We will conduct two interviews with each participant, the first will be held about a month after the birth of the baby, the second will be held when the baby is approximately six months old.  Each interview is expected to be about two hours in length. 

Women taking part in this study will be sharing their impressions of and experiences with the perinatal care system.  All of the interviewers will be trained to build trust with the people they interview and to respect their concerns and responses and avoid any judgmental behavior that might upset the interviewee.  The interviewers will also be trained to defuse any reaction on the part of the interviewee that may result from a sensitive question during the interview so that the interviewee will be supported throughout the process.

Data from the interviews will be transcribed and subject to thematic analysis. Through content analysis, key themes regarding the care women have received, their expectations, wants, and needs about their health care, and their experience with social support and possible discrimination will be identified by the researchers.

 All interviewers will be trained in confidentiality requirements and practices, in the voluntary nature of this study, and in the right of an individual to withdraw from the study at any time.  Study requirements will preclude sharing any information from the interview with anyone beyond the study team, and insure the interviewee that they will not experience any consequences to themselves based on their response or lack thereof to any questions in the interview.  We will periodically monitor the interviewing process to insure that these practices are observed.

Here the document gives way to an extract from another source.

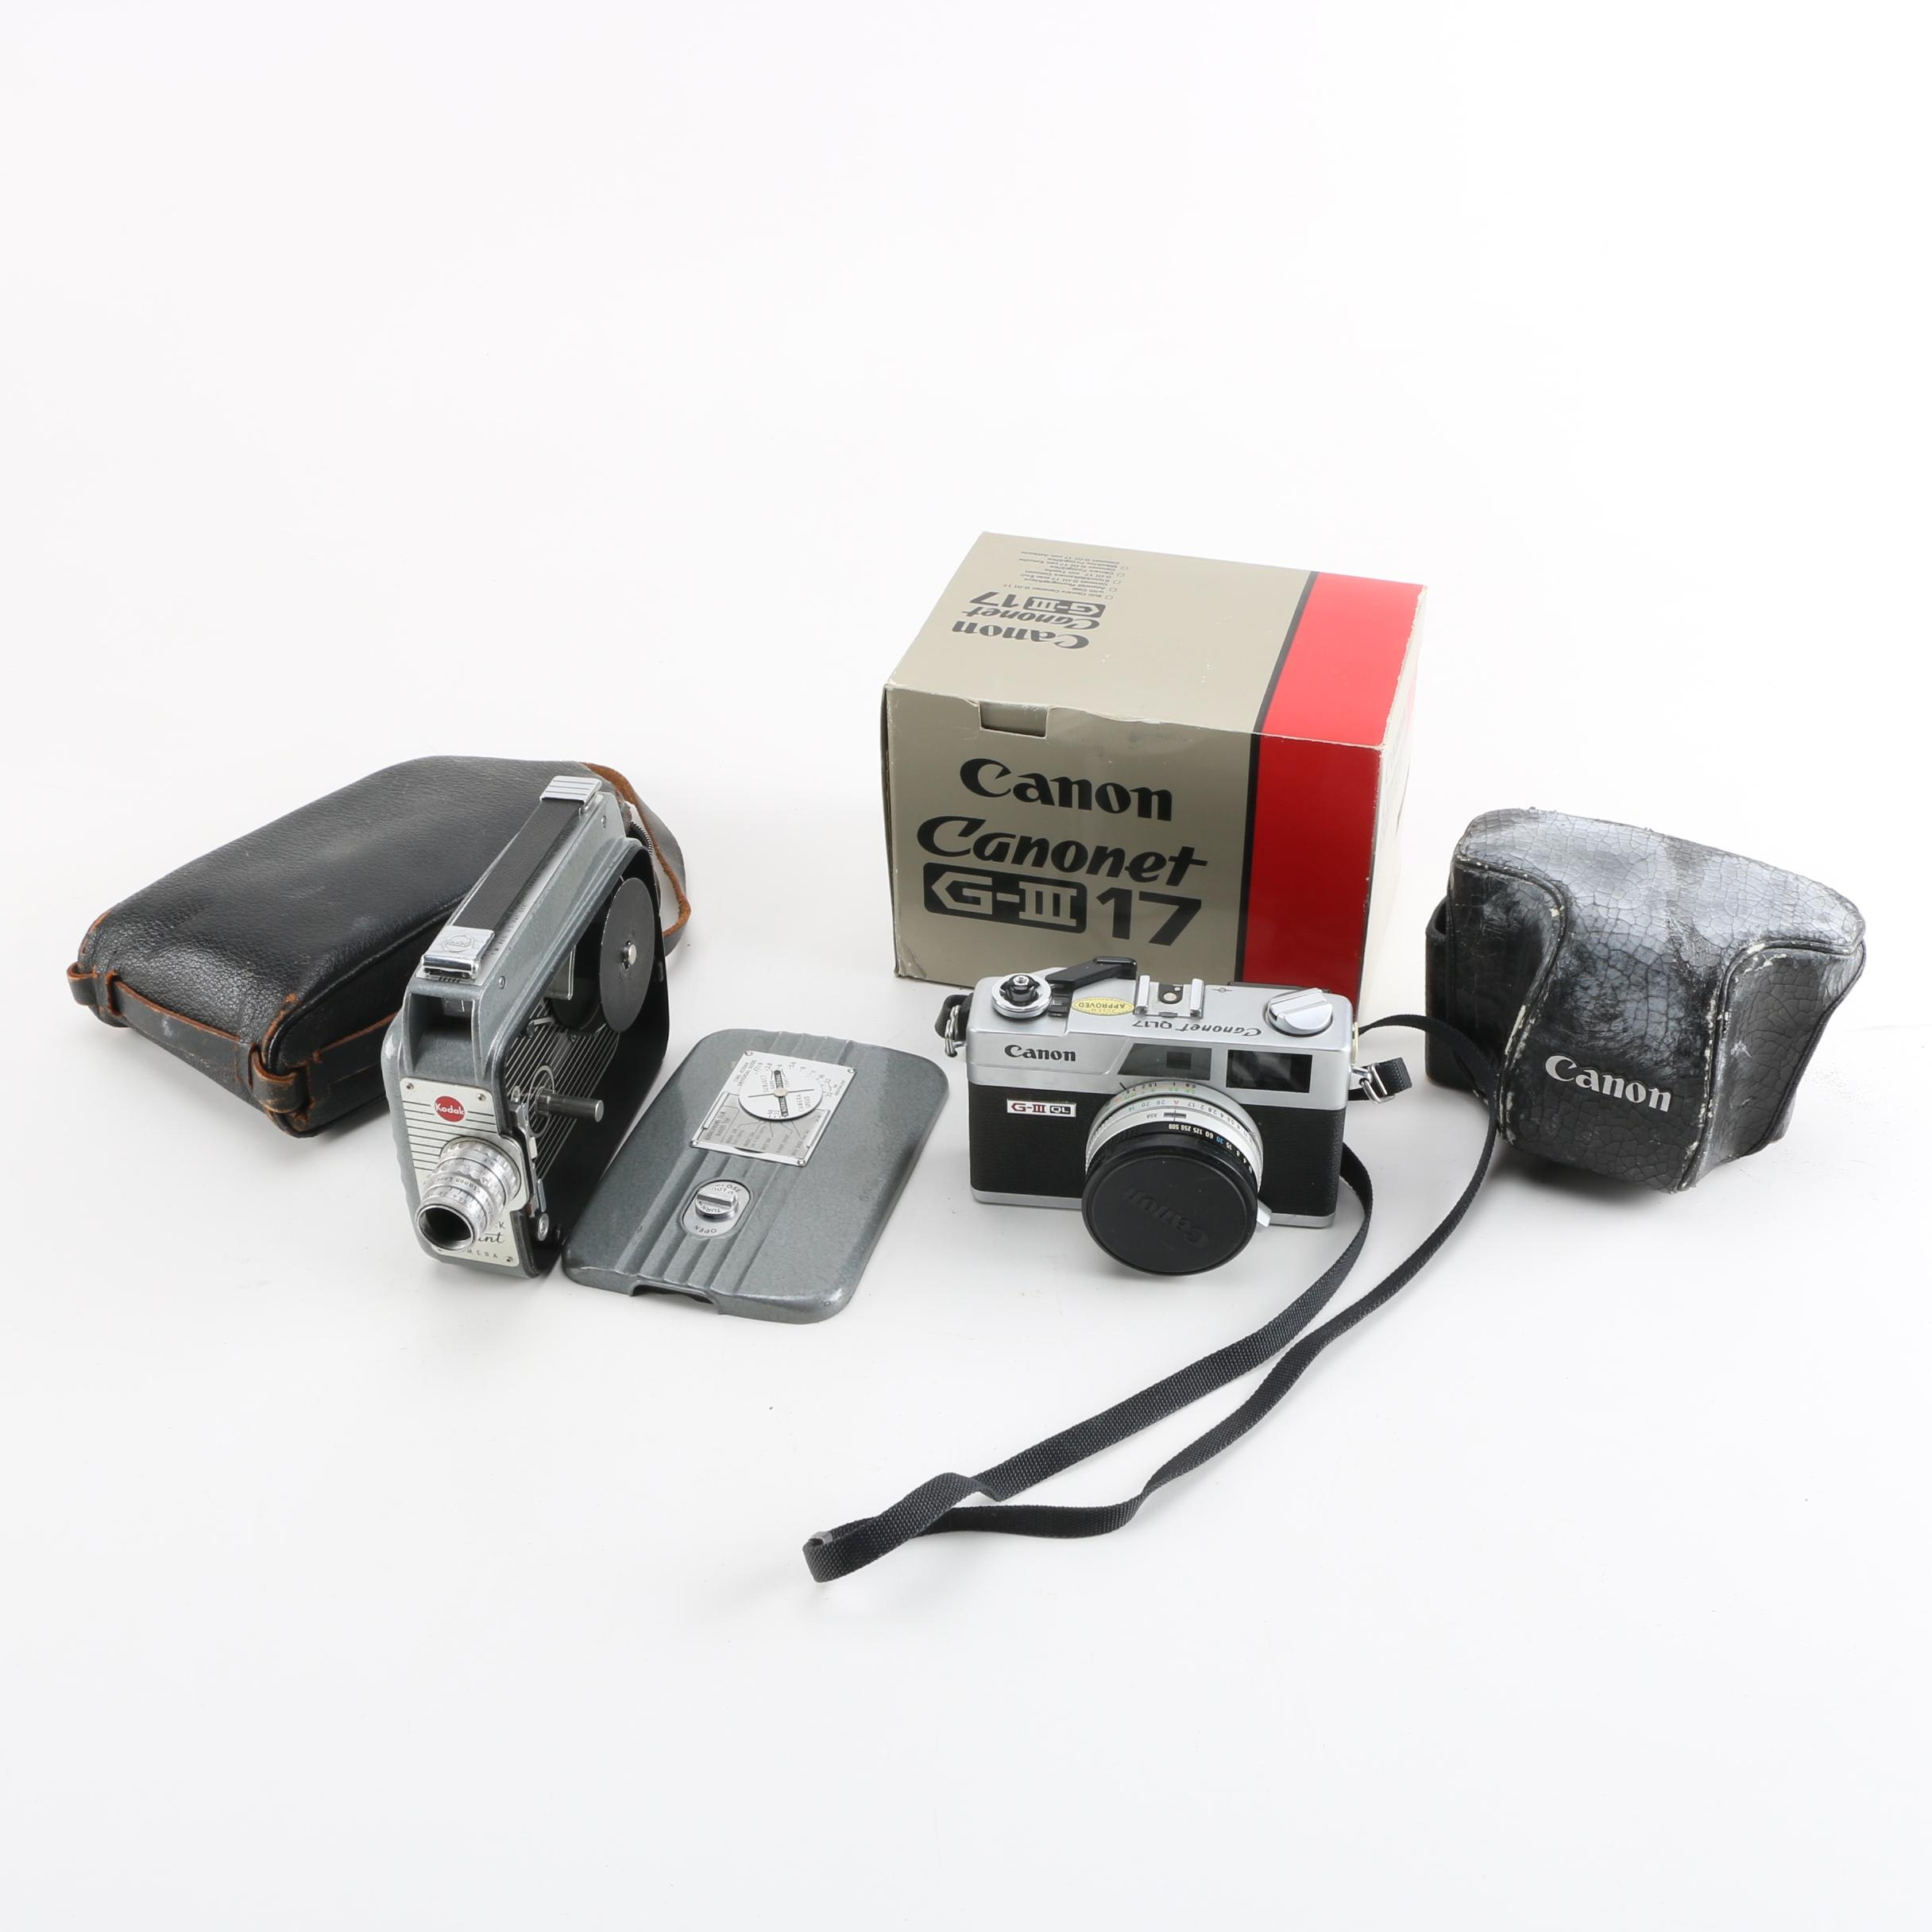 Vintage Kodak and Canon Cameras

The interviewees will be contacted first by the project’s study coordinator within two weeks of their departure from the hospital.  This contact will be to thank the participant for their willingness to be interviewed and to schedule the first interview.  The study coordinator will match an interviewee with an interviewer who is available at a time that is convenient for the interviewee.  The study coordinator will not assign an interviewer to an interviewee if the interviewer has any relationship, professional or otherwise, with the interviewee.  After the first interview, the study coordinator will maintain contact on a monthly basis with all of the participants who agree to be interviewed a second time.  This contact will be through monthly cards reminding the participant that they are still in the study and thanking them for their willingness to participate.  In the fifth month after the birth of the child, the study coordinator will call the participant and schedule the final interview following the same process as used for scheduling the first interview and assigning the interviewee.

The interviewees will receive an incentive upon completion of the interview.  The amount of the incentive will be $20 for the first interview and $20 for the second interview. 

In addition to the interviews with African American women, the research team will conduct a series of listening projects and key informant interviews to obtain the community’s and health care provider’s perspective with regard to the strengths and weaknesses of the existing perinatal health care system. The study will include an analysis of the communities and neighborhoods where participants live to attempt to understand the relationship between social, economic and environmental conditions and maternal, birth and infant health.  Throughout the life of the project and as part of developing its recommendations, the research team will share information and findings with providers and consumers of perinatal health care in each of the counties involved in the study.